The man nudged Raine. “There’s a lovely vision!”

She tightened her grip around her beloved's waist, gazing at the ocean as two sea serpents performed somersaults in the glimmering light of the full moon.

Presently they arrived at the wooden doorway. Raine didn't even have to look up; she recognized its call.

The mythical steed slowed to a standstill.

“Why have we stopped?” she asked him, her heart suddenly sinking into her stomach.

The man helped her off the Pegasus with a guiding hand.

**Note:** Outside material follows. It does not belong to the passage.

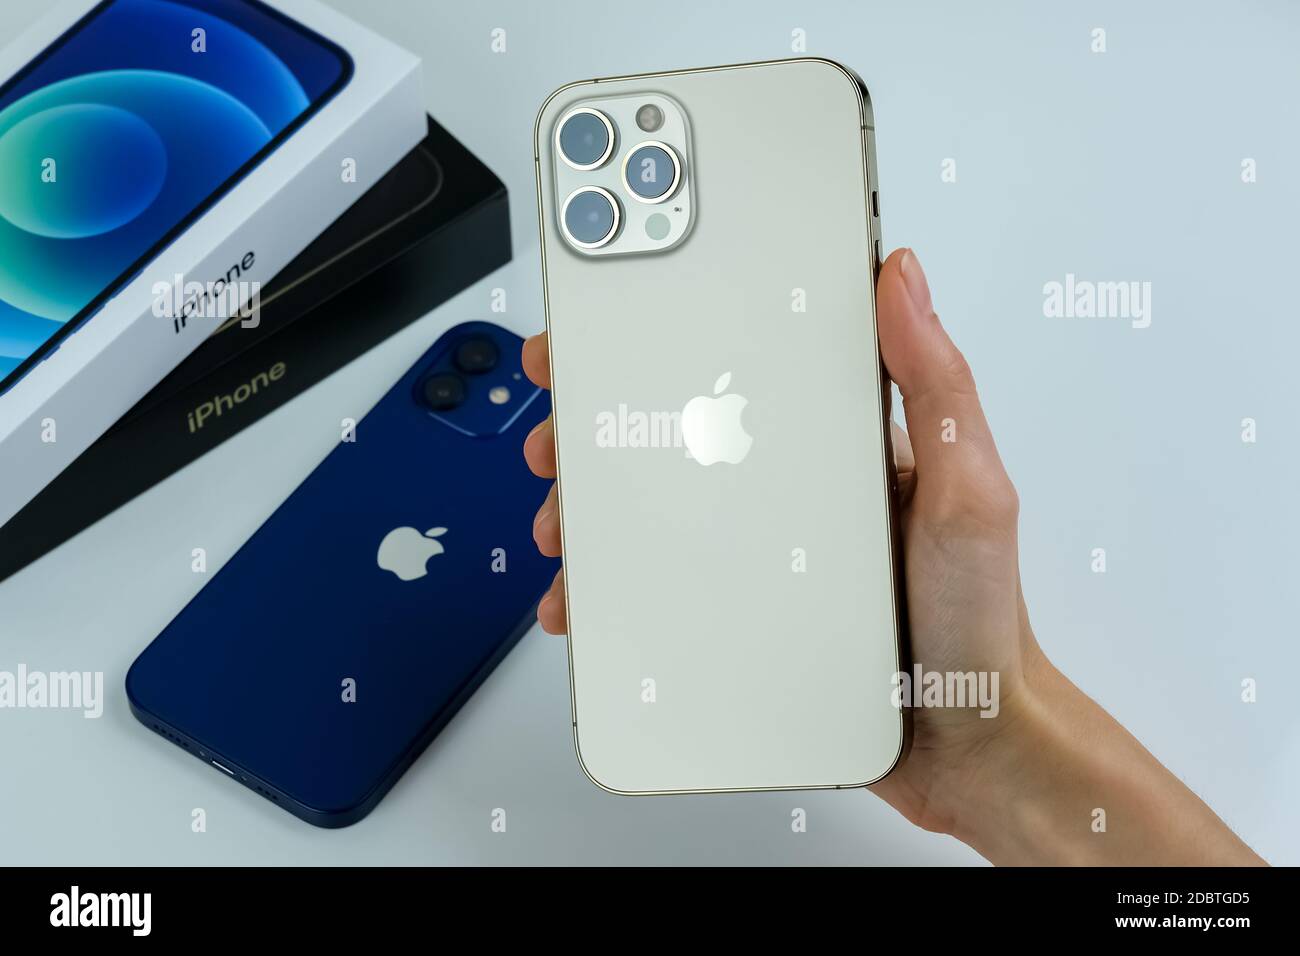 iPhone 12 Pro Max in Gold next to iPhone 12 in Blue on a white desk Stock Photo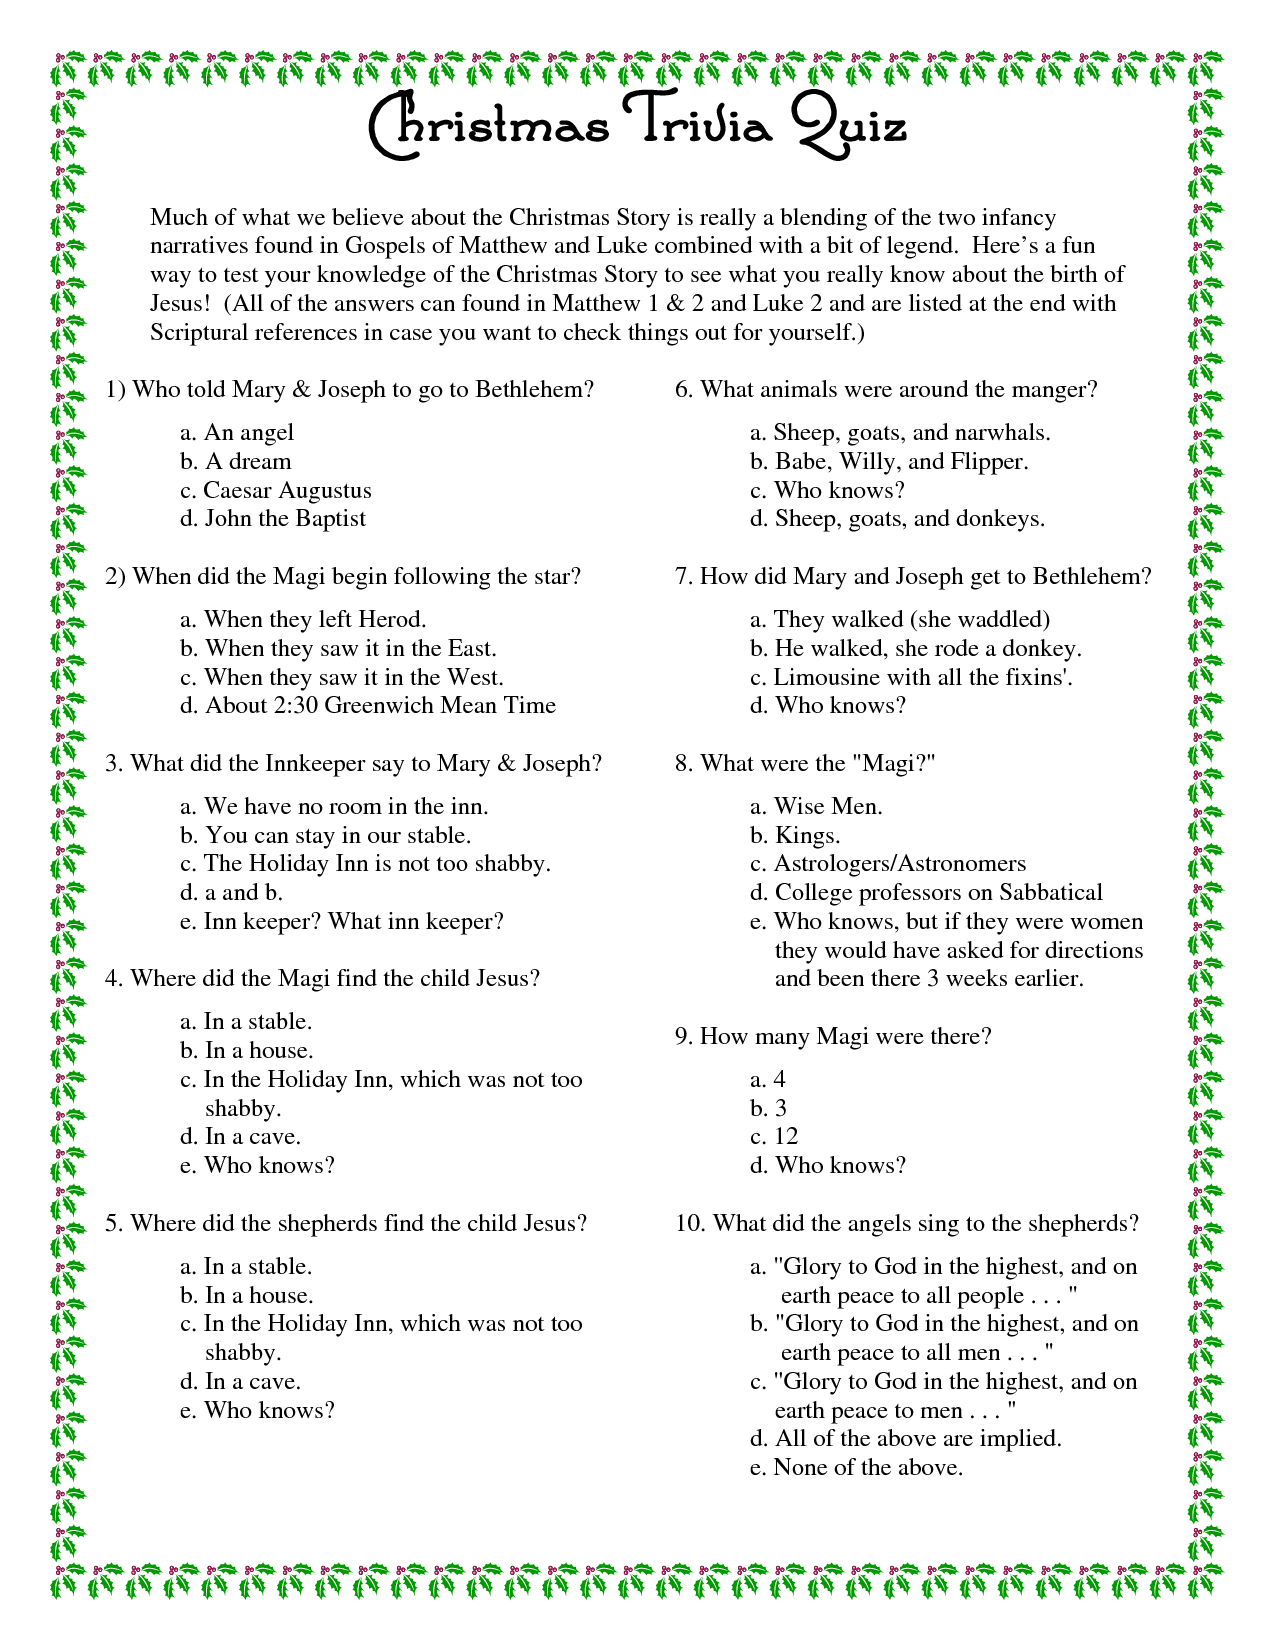 Printable Christmas Trivia Questions And Answers | Christmas Party - Free Printable Trivia Questions And Answers

Raine took off her heels, set them down in the sand, and walked barefoot towards the old doorframe. It loomed like a strange obelisk in the middle of this otherwise beautiful beach, one that Raine had never once set eyes on.

Only, her memory told her that indeed, she’d set eyes on it before, eons ago. Yes, it was strange, otherworldly even, and its low hum had an air of vague familiarity, but it was not nearly as menacing as it once appeared to be.

Rather, the portal now filled her with a feeling that in her millennia of power and immortality and countless cravings and aversions Raine had all but forgotten about.

Curiosity. Pure, raw curiosity.

Raine turned to the man and kissed him. Knowing that she might never see him, nor partake in the wonder of this realm again, she took the doorknob.

She felt the odd sensation of her mind re-arranging itself.

For the first time she could ever recall, Raine knew the meaning of absolute peace. She also knew deep down, somehow, that she had just been asked back to the physical world to use her renewed consciousness to fight, to sacrifice herself if need be to resolve some Earthly conflict, some war she was fated to be a pawn in.

Except now she was more than a pawn. She calmly read the electrical signals guiding her back to what she now recognized as her brain.

Raine instinctively felt it: her every muscle, nerve, joint, and tendon, all completely in control, and yet it was merely a distant shell, like a game controller made of flesh and blood, if one tied to her consciousness. She was beyond the zone. She had found the zone, staked out her claim, and was living in it full-time.

There would be no going back.

This is my chess game, and I am a pawn who crossed the board
, she thought.
Now that I am to be a Queen of my own, I’ve finally realized the truth that all may see, the one that I’ve always known, but was trained to ignore: I’m sovereign. We are all sovereign.

But none exist in a vacuum. Our existences are all co-dependent. Our evolving consciousnesses are all tied to a cosmic whole.

And as long as slavery and persecution exists, I will fight it.

None are free of these bonds until all are.